In the package there was a money belt. It was made of waterproof leather with a zipper down the middle, and inside the zipper there was 5 bills of 10 dollars each, all green and crisp. He said I ought to put the belt on, and we went back in the washroom. There was a gang of men there, standing at the sinks in their undershirt, and this fellow give me a big build-up and told them I was going down to Aqua Clara to play for the Mammoths. Some of the men turned and looked at me, and 1 of them glanced me up and down and asked me if I did not think I was too undergrowed to get anywheres in baseball. We all got a good laugh out of that, for I was about twice as big as him and still growing. I could of stuck him in my pocket.
Then this other fellow showed the belt around, and they felt the material and said it was the best, and I pulled up my shirt and strapped it around my middle, and they all admired it, and a number of them asked me if I was really and truly signed to a Mammoth contract. I did very little talking. This other fellow chattered away, telling them my life history like I told it to him. We had breakfast, and pretty soon we was under the tunnel and in Grand Central, and we said goodby, and he said he would look for my name in the papers, and I said no need to look too close, for it would be up in the headlines.

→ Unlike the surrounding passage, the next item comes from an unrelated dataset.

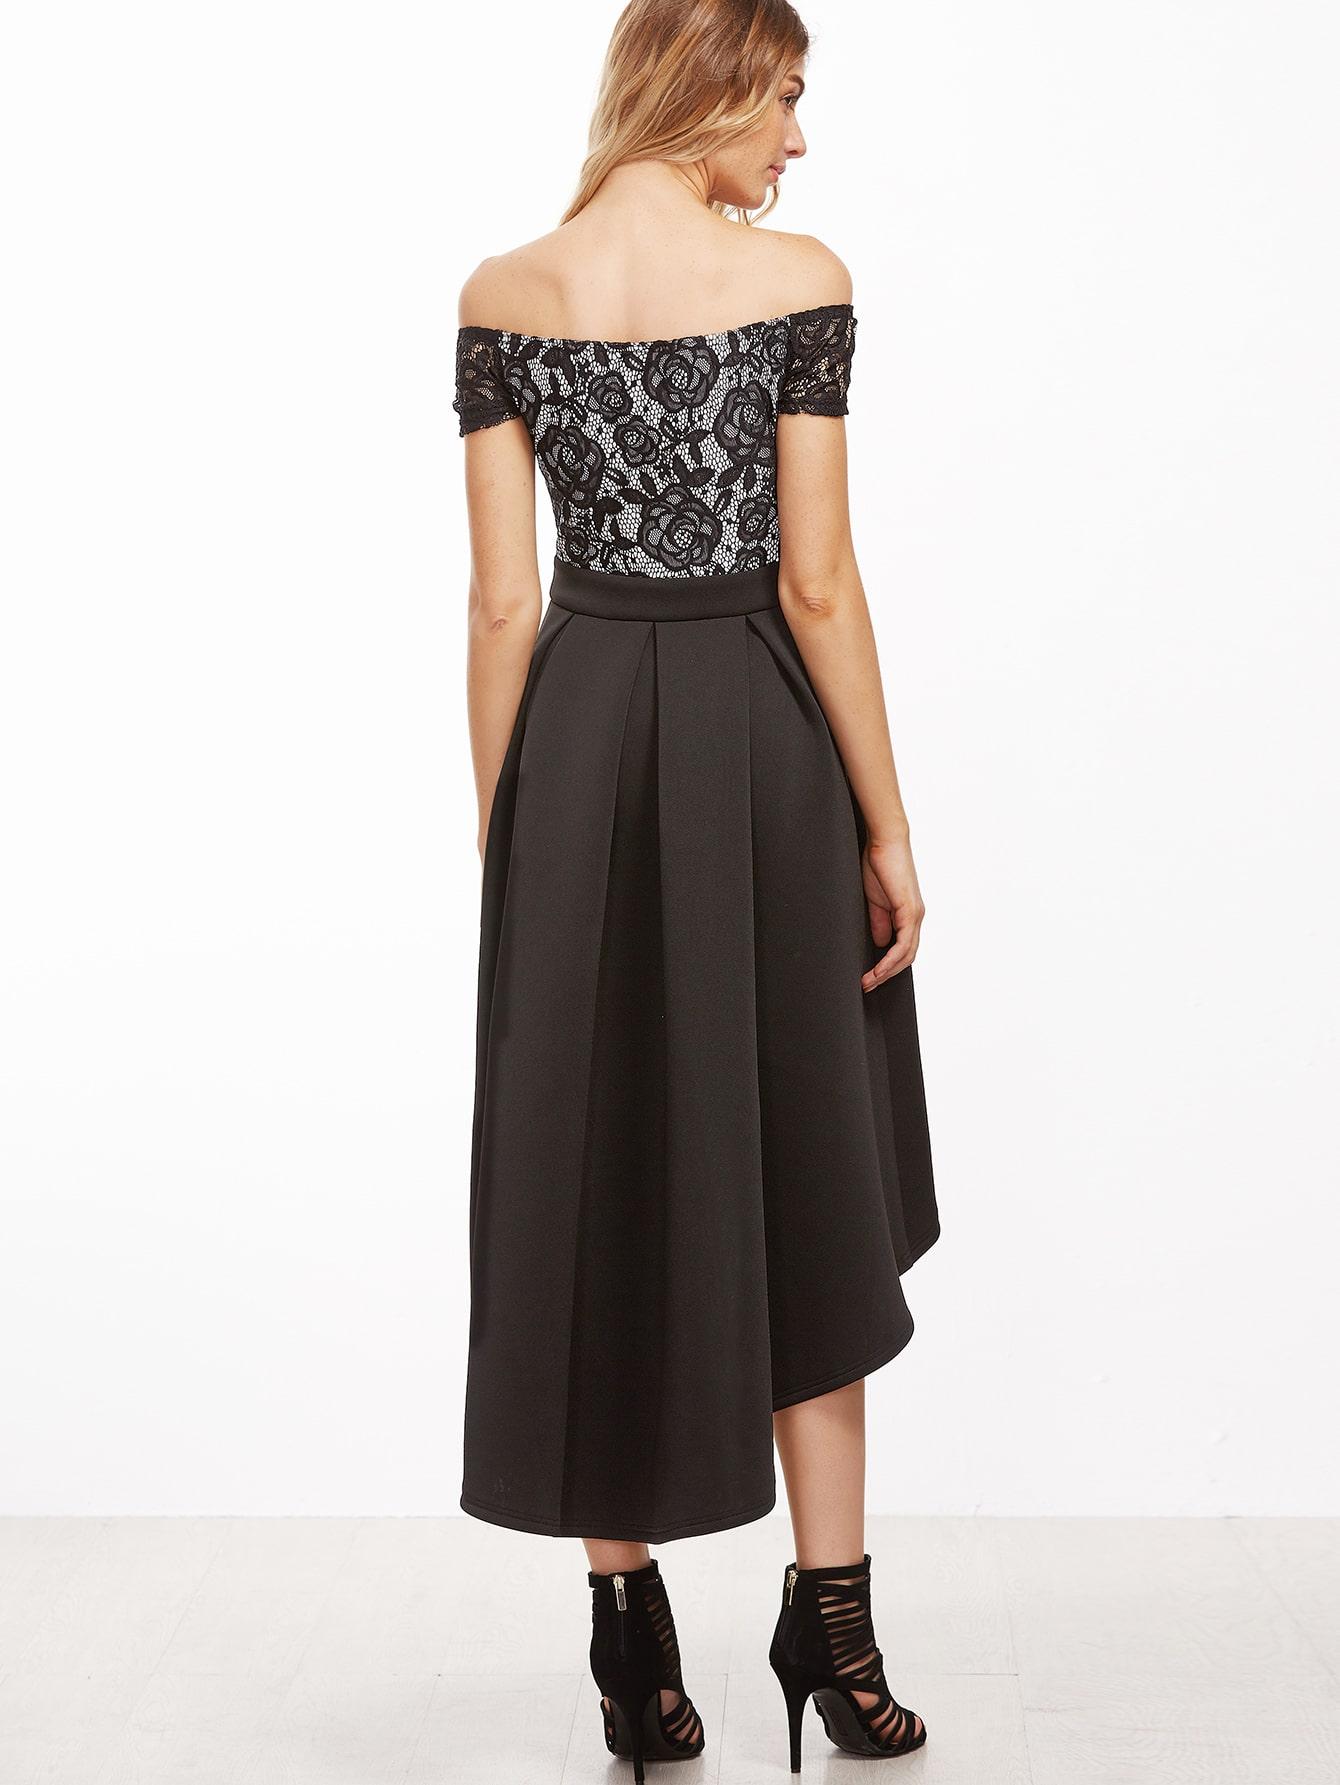 dress161025720_2

Then he went 1 way and I went another and I have not saw that wretched bum since.
I shuttled across to the west side and down to Penn Station. I had a layover of about 2 hours, and I checked my bags and went across Seventh into the building where the Mammoths have got their New York office. The office had a glass door with a lot of names wrote on it that I never heard of before, and I went in and seen a girl typewriter, and she smiled at me, and I said, “My name is Henry Wiggen,” and she said, “Yes, Mr. Wiggen. What can I do for you?”
“Nothing,” I said. “I just come to see what the office looked like.” I looked around. There was a big collection of pictures on the wall, a few baseball players but mostly a lot of men all dressed up sitting around the conference table, and there was a date wrote under each. The typewriter got up and disappeared out a back door, and soon she come back with a man, and he said, “Can I be of some help, Mr. Higgens?”
“Wiggen,” I said.
“Can I be of some help?” he said.
“I was just looking,” I said. “I am Henry Wiggen.” He give the typewriter a look of puzzlement, and she give him 1 back, and I figured they did not catch the name, and I told them again, and the man asked me what my business was, and I said I was a baseball player. “It is funny I do not strike no bell in your head,” I said, “for you have just signed me on. I am on my way down to Aqua Clara.”

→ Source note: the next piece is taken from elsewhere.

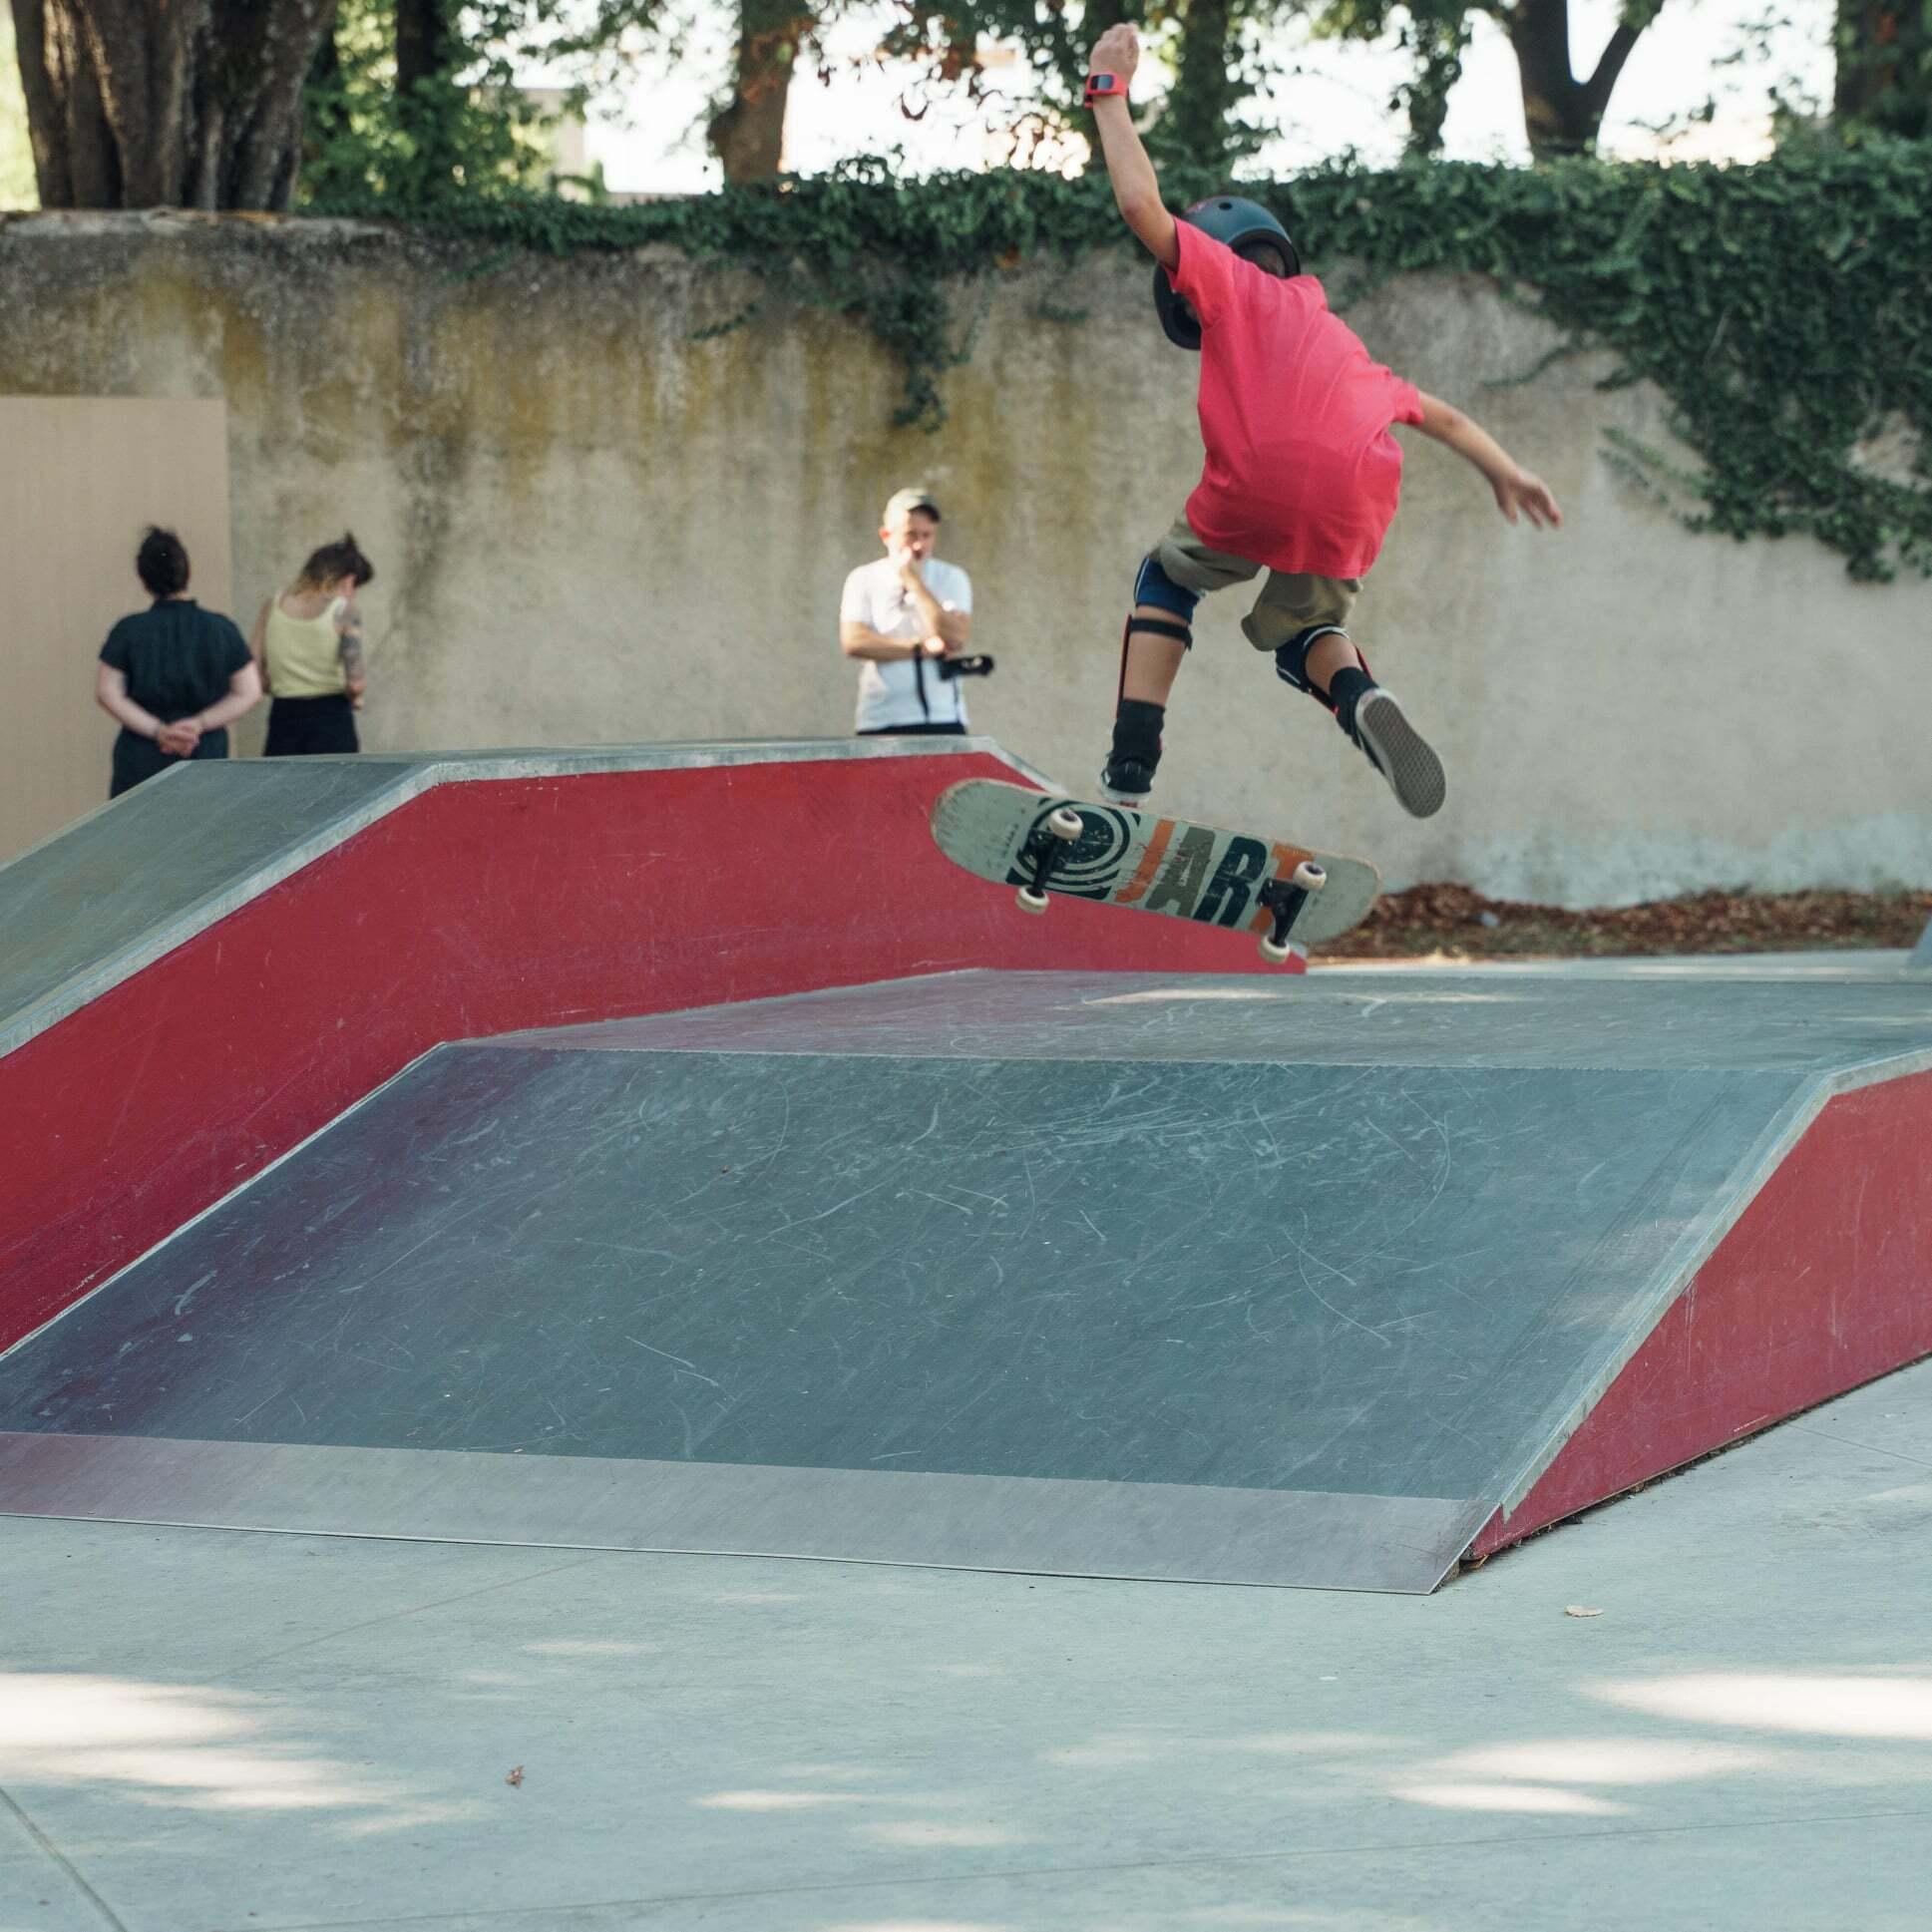 Il brivido di skateboarding

“Oh yes,” he said. “Of course, there are a great many young men.”
“But there is only 1 of me,” I said.
“That is undoubtably true,” he said, and he give the typewriter another look, and she begun to giggle. The man did not giggle. But he stood there like he was about to bust out laughing, and I said to them, “I would like to know what the joke is all about if you 2 clucks would have the common ordinary decency to tell me.”
“There is no joke,” said the man.
“Then why in hell are you laughing?” I said. “Does your underwear itch?”

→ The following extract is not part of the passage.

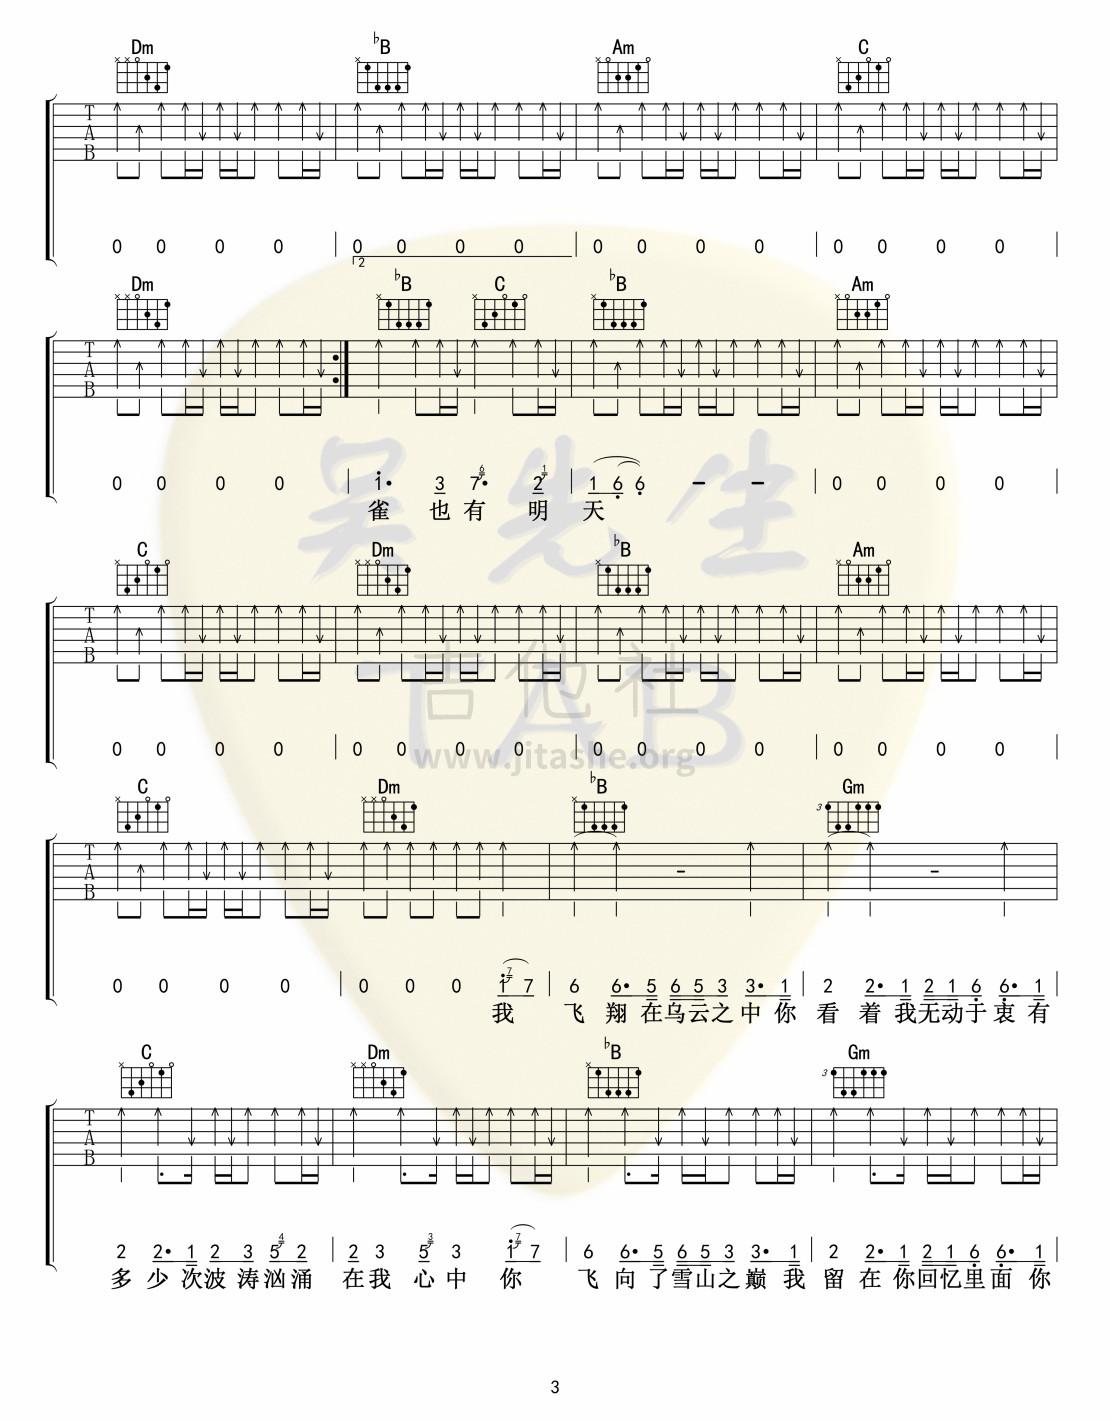 麻雀吉他谱(图片谱,弹唱)_李荣浩_麻雀03.jpg

“My underwear does not itch,” he said. “Nothing itches, and I ain’t laughing,” and now the girl begun to giggle louder and the man got all red in the face. “The reason I am laughing,” said the man, “is this,” and he went over to the wall where there was 3 green cabinets, and he begun to slide some drawers out as far as they would go, and he run his hand up and down the papers in the drawer. “Records,” he said. “Every 1 of these papers is a record on some kid that thinks he is another Joe DiMaggio or another Honus Wagner. They are just names. Your name is somewhere amongst them. How do we know who you are except just a name? You are but another name.”